* Exercise aim
Give the data again in full, without pictures.

* Data provided
○ ○ ○ ○ ○

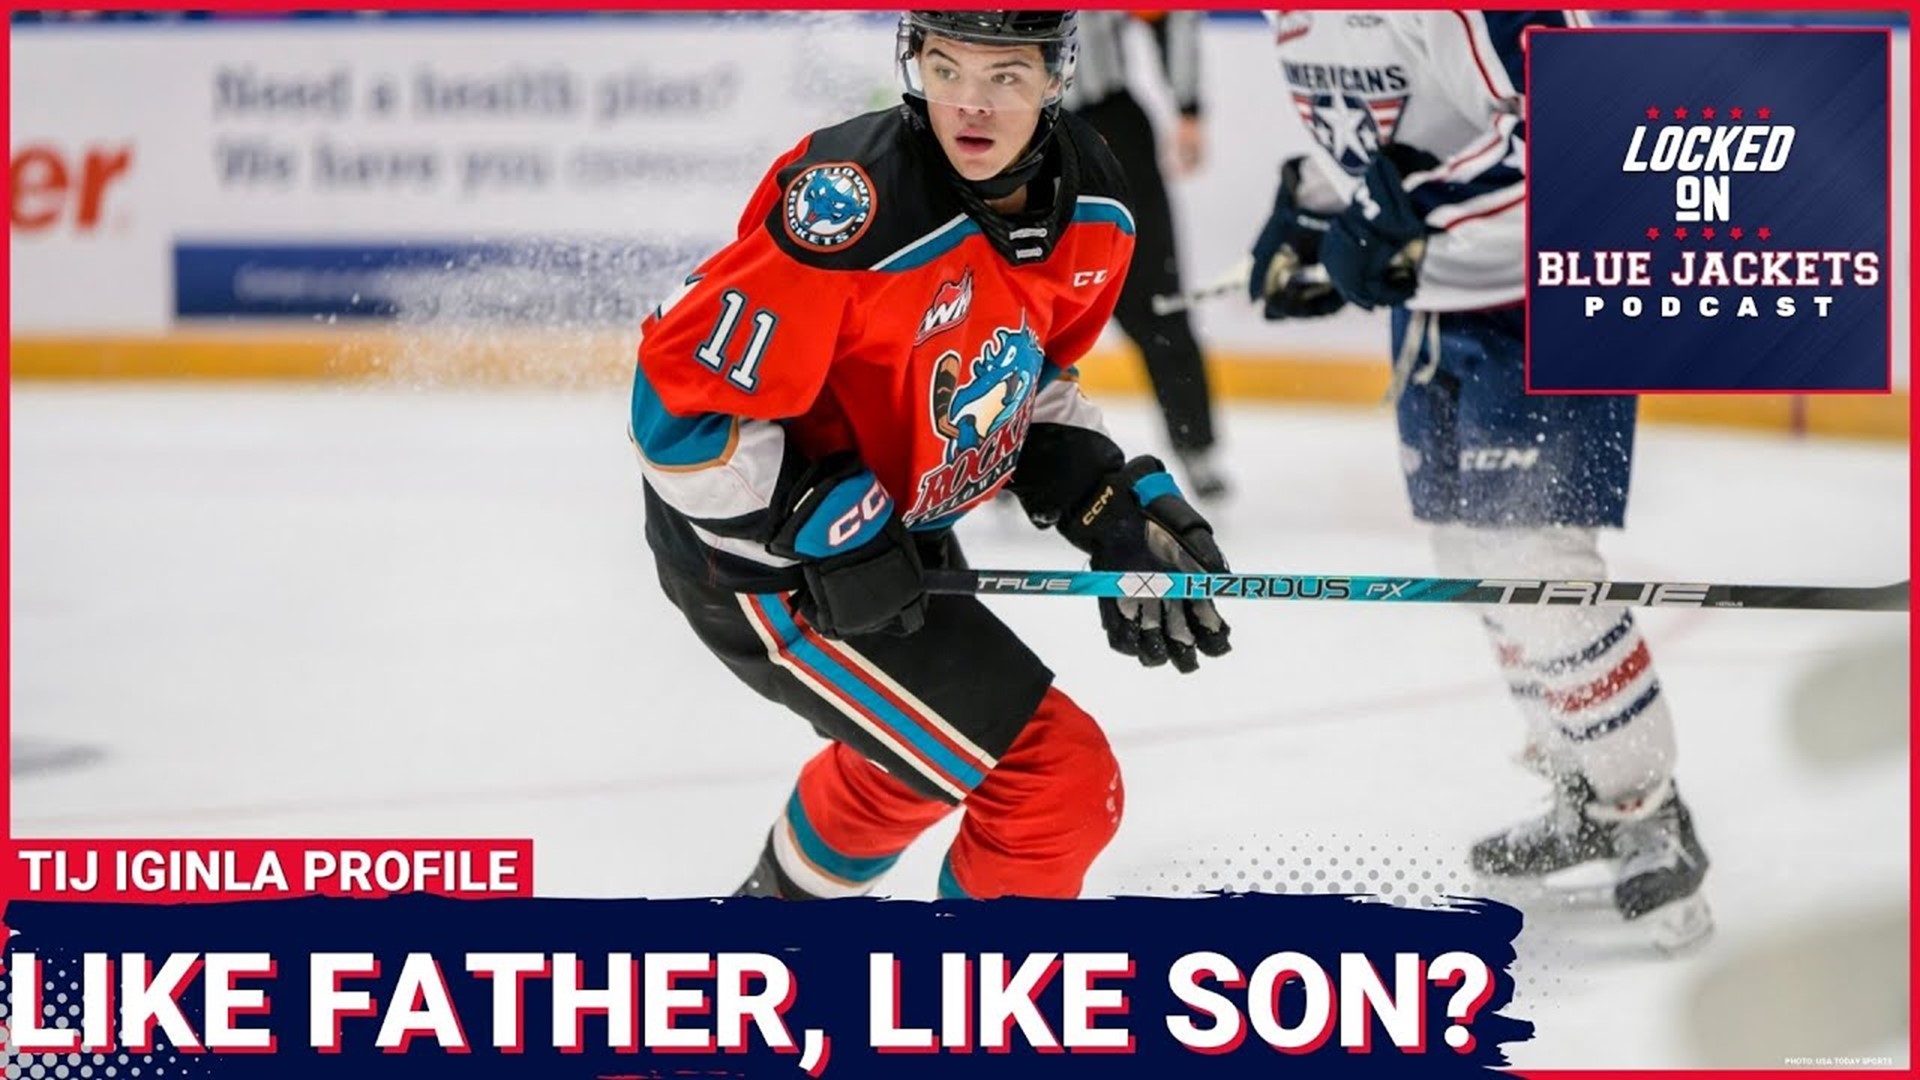 Son of Jarome Iginla, Tij Iginla is a chip off the old block. Derek Neumeier of McKeen's Hockey stops by to talk about his game
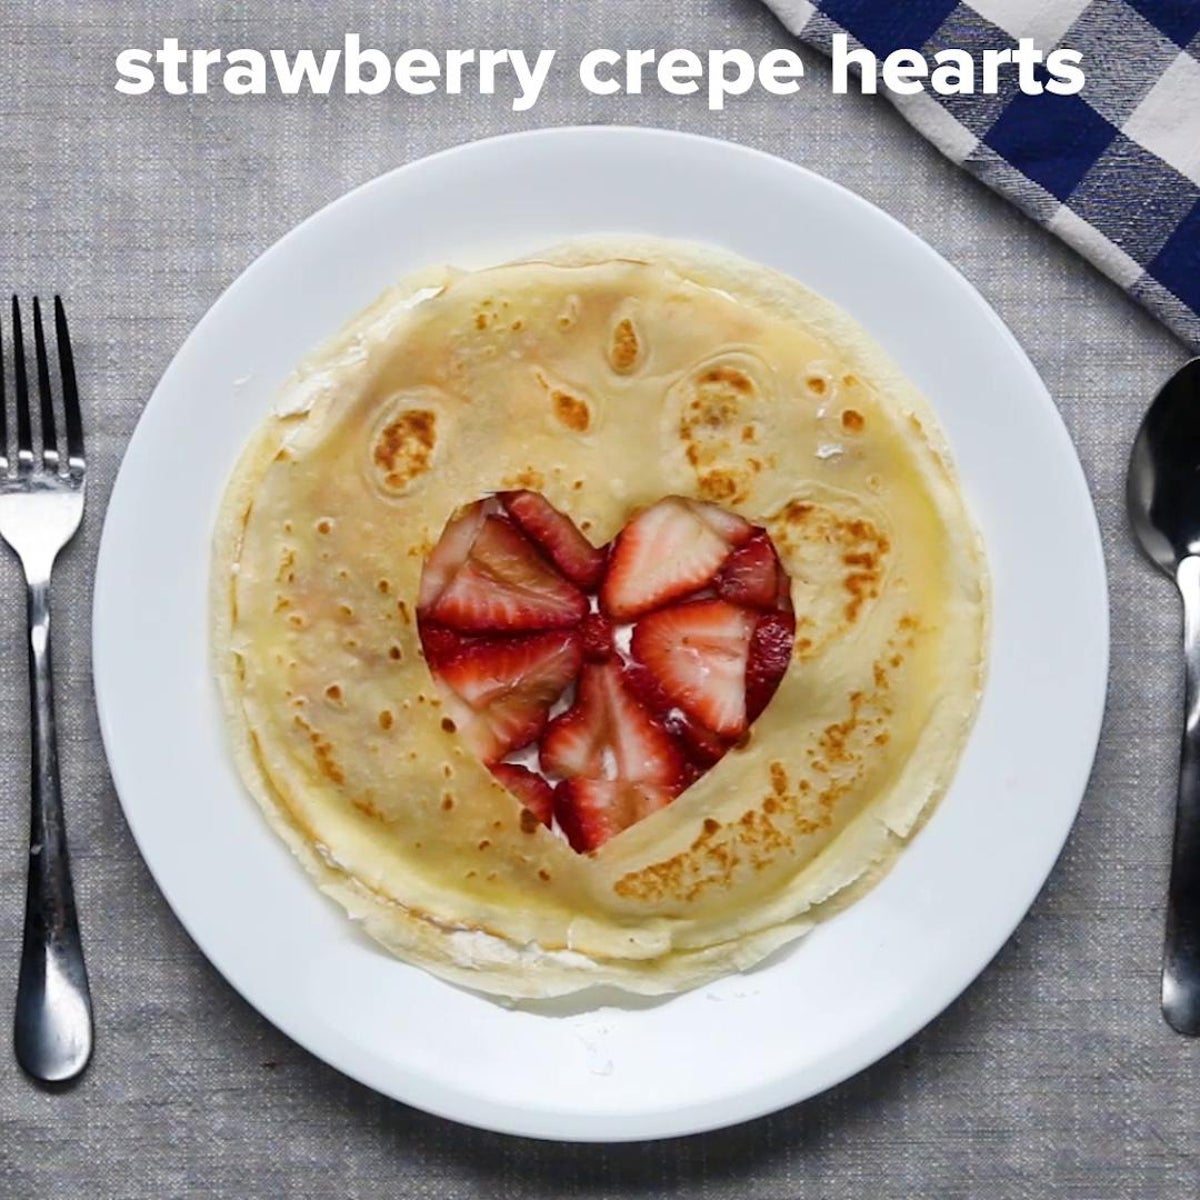 Strawberry Crepe Hearts Recipe by Tasty image
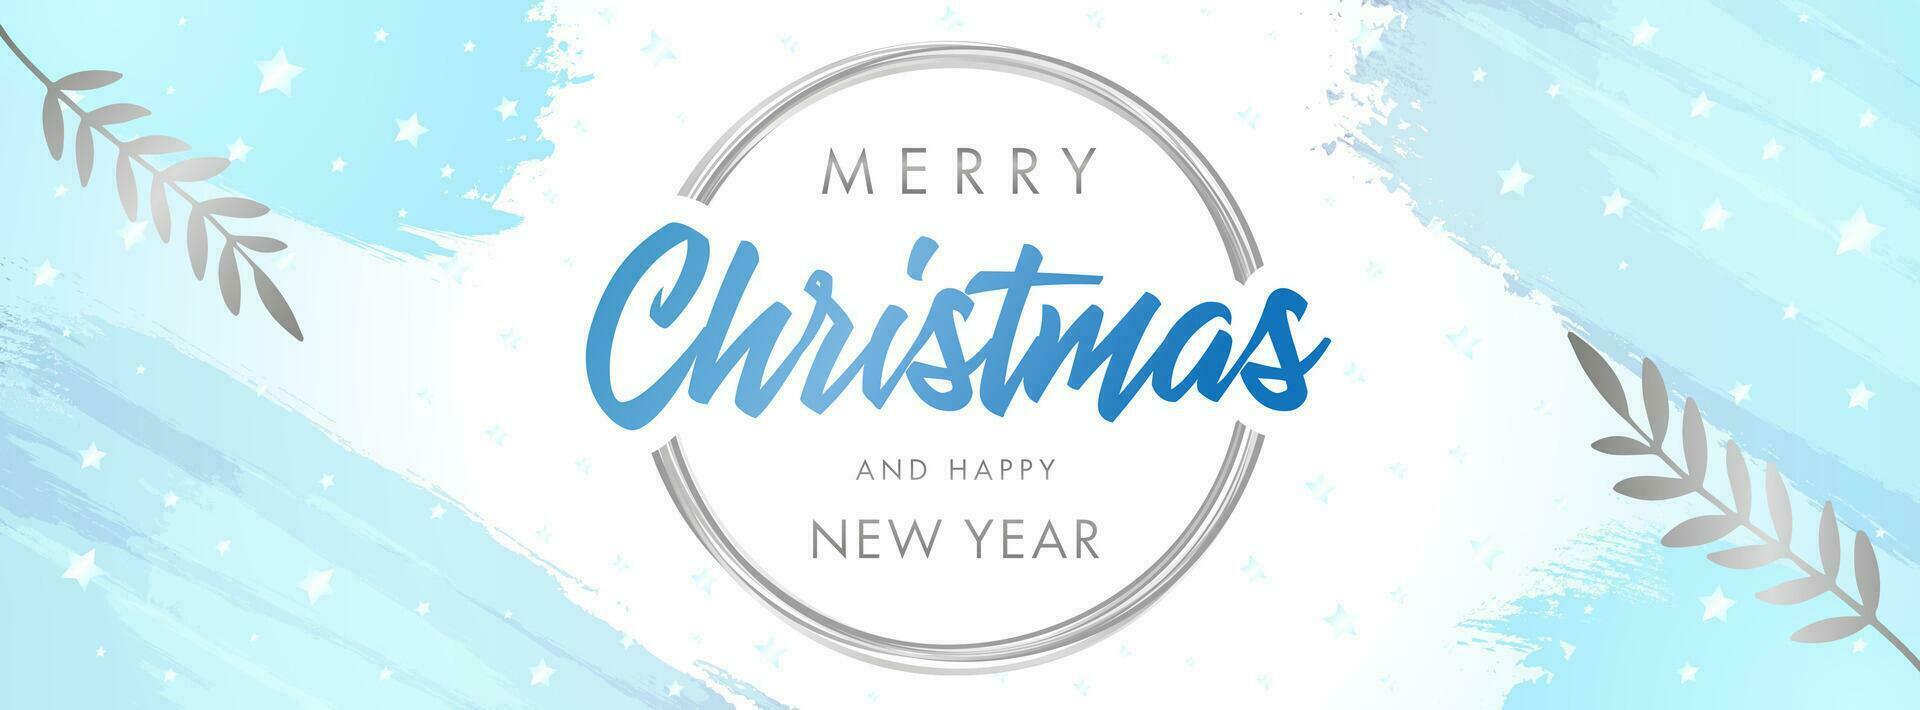 Merry Christmas lettering with silver round frame, leaves and watercolor spots. Happy New Year horizontal banner vector
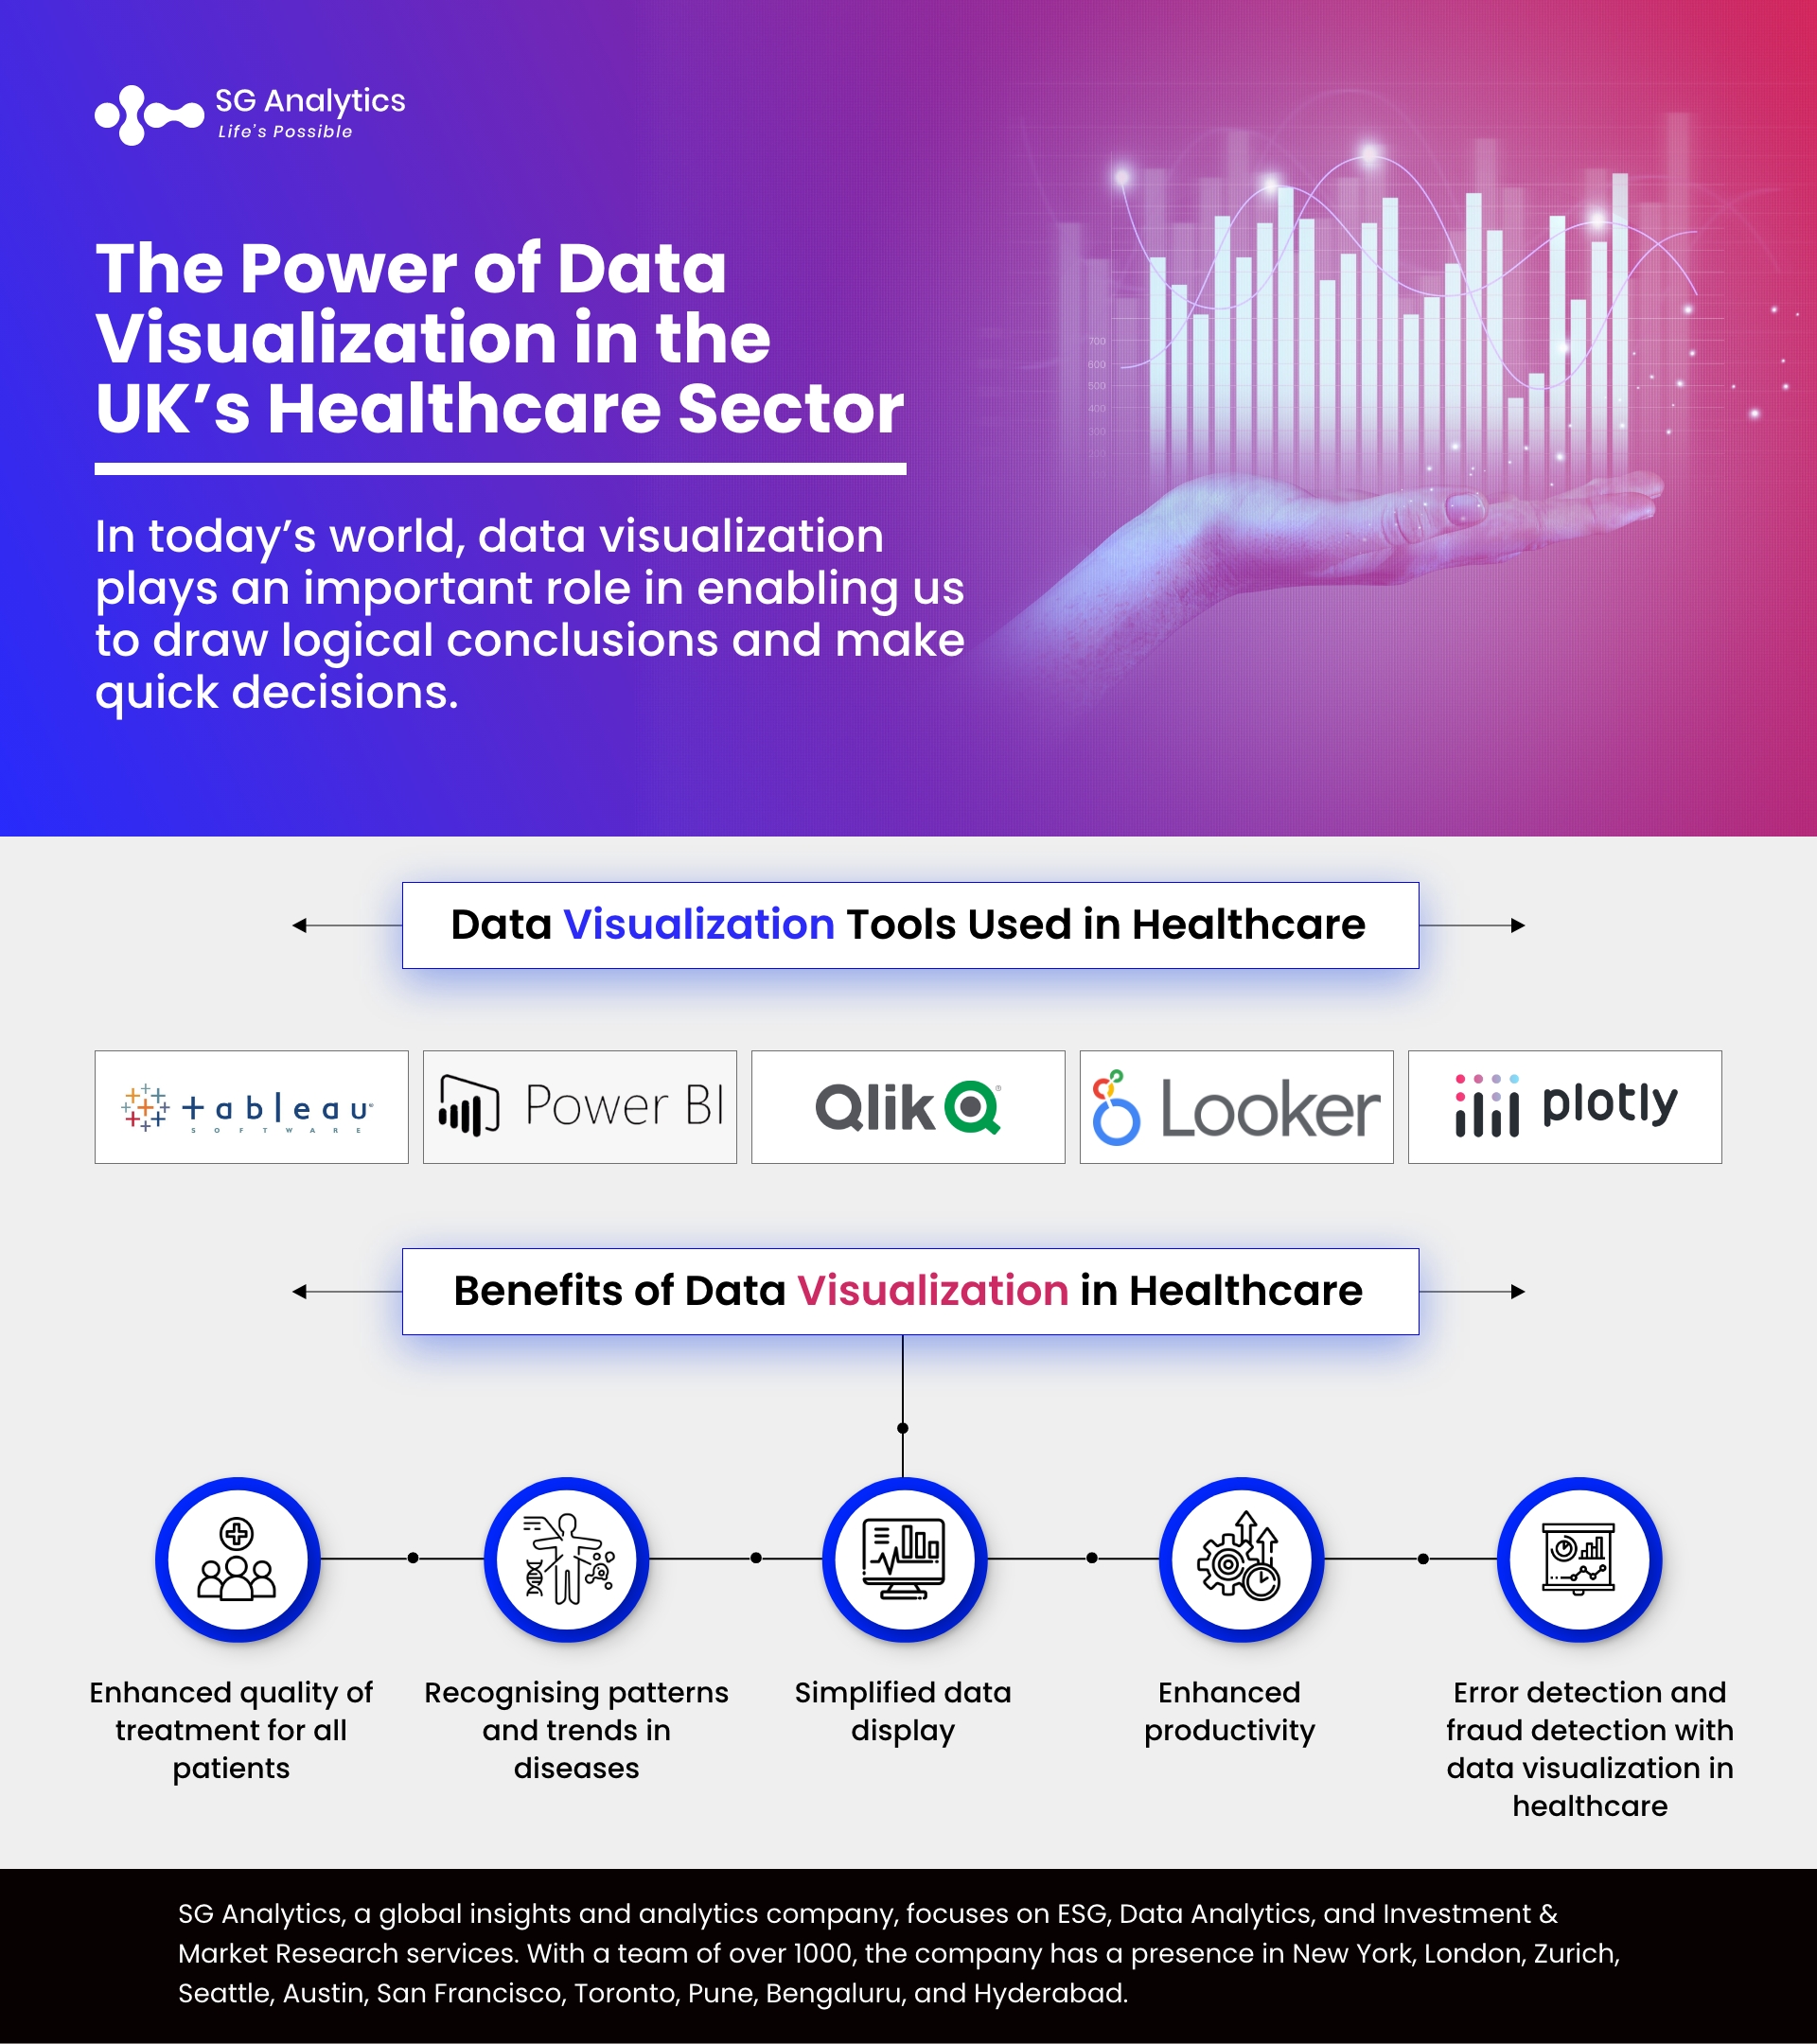 The Power of Data Visualization in the UK's Healthcare Sector

○ ○ ○ ○ ○

* Answer section
 Son of Jarome Iginla, Tij Iginla is a chip off the old block. Derek Neumeier of McKeen's Hockey stops by to talk about his game
 Strawberry Crepe Hearts Recipe by Tasty image
 Merry Christmas lettering with silver round frame, leaves and watercolor spots. Happy New Year horizontal banner vector
 The Power of Data Visualization in the UK's Healthcare Sector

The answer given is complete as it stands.